The intent of this example is to create Physical Volume Groups in order to force mirroring across PVlinks. The disks at cXt1d0 and cXt2d0 will be one PVG, while t3 and t4 the other. Where possible, load balancing will also be incorporated.


  # pvcreate -f /dev/rdsk/c0t1d0   (repeat for other disks)
  # mkdir /dev/vgdata 
  # mknod /dev/vgdata/group c 64 0xNN0000  - where NN = unique number
  # vgcreate -g PVG0 vg_data /dev/dsk/c0t1d0 /dev/dsk/c0t2d0 
  # vgextend -g PVG1 vg_data /dev/dsk/c1t3d0 /dev/dsk/c1t4d0 
  # vgextend  vg_data /dev/dsk/c1t1d0 /dev/dsk/c1t2d0 
  # vgextend  vg_data /dev/dsk/c0t3d0 /dev/dsk/c0t4d0 
  # lvcreate -L 17179 -s g /dev/vg_data   (PVG-strict allocation)
  # lvextend -m 1 /dev/vg_data/lvol1 PVG1 


In the example, node_1's /etc/lvmtab would look like this:


vg_data
/dev/dsk/c0t1d0  (pri-path t1 - PVG0)
/dev/dsk/c0t2d0  (pri-path t2 - PVG0)
/dev/dsk/c1t3d0  (pri-path t3 - PVG1)
/dev/dsk/c1t4d0  (pri-path t4 - PVG1)
/dev/dsk/c1t1d0  (alt-path t1 - PVG0)
/dev/dsk/c1t2d0  (alt-path t2 - PVG0)
/dev/dsk/c0t3d0  (alt-path t3 - PVG1)
/dev/dsk/c0t4d0  (alt-path t4 - PVG1)


And node_1's /etc/lvmpvg would look like this:


VG /dev/vg_data
PVG PVG0
/dev/dsk/c0t1d0
/dev/dsk/c0t2d0
PVG PVG1
/dev/dsk/c1t3d0
/dev/dsk/c1t4d0

 # vgchange -a y vg_data
 # newfs -F vxfs /dev/vg_data/lvol1
 # mkdir /data1
 # mount /dev/vg_data/lvol1 /data1


Repeat this process for every volume group managed by a Serviceguard package.

It is recommended that all VG manipulation be performed on the server maintaining the /etc/lvmpvg file. If that is not desired, create the /etc/lvmpvg on each node that will be used to manage the LVM VGs for the packages. Insure the correct dsk pathing is specificed.

Insure the application runs and can utilize the file systems that will be governed by a Serviceguard package. Then unmount the logical volumes and deactivate the volume groups in which they reside.


3.A Importing the VG into the other nodes

 

Any server that will adopt a package must reference that packages' LVM volume groups in the /etc/lvmtab file. Use strings /etc/lvmtab to determine the volume groups and their special files.
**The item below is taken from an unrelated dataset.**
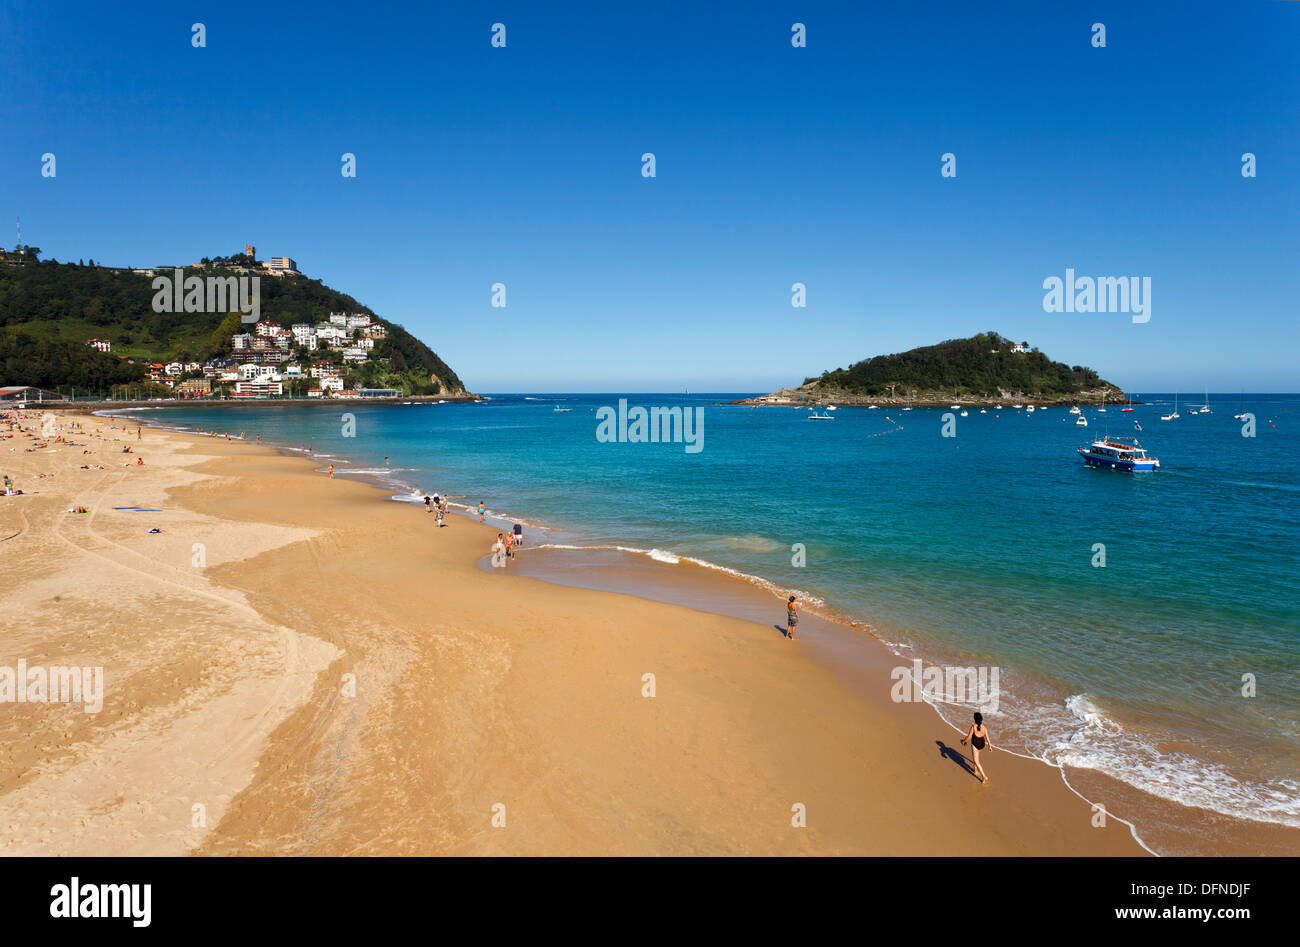 Spiaggia di sabbia con la luce del sole, Playa Ondarreta, Isla de Santa Clara, Bahia de la Concha, baia di La Concha, San Sebastian, Donostia Foto Stock

Import the volume groups that will be managed by Serviceguard using this procedure:


  # vgexport -pvs -m map.vg_data /dev/vg_data 
  # rcp map.vg_data :/etc/lvmconf/


Repeat for other volume groups and servers as needed.

Create a listing of /dev/vg_data/group files that shows the minor number used.


  # ll /dev/vg*/group | awk '{print $6,$10}' >/tmp/group_list


On the other servers that will adopt the package and it's volume groups:


  # mkdir /dev/vg_data ; cd /dev/vg_data 
  # mknod group c 64 0xNN0000  
      NN = Match the group minor number listed in /tmp/group_list!
  # vgimport -vs -m /etc/lvmconf/map.vg_data /dev/vg_data

  # mkdir /data1
  # mount /dev/vg_data/lvol1 /data1


Repeat as needed for every volume group to be managed by Serviceguard.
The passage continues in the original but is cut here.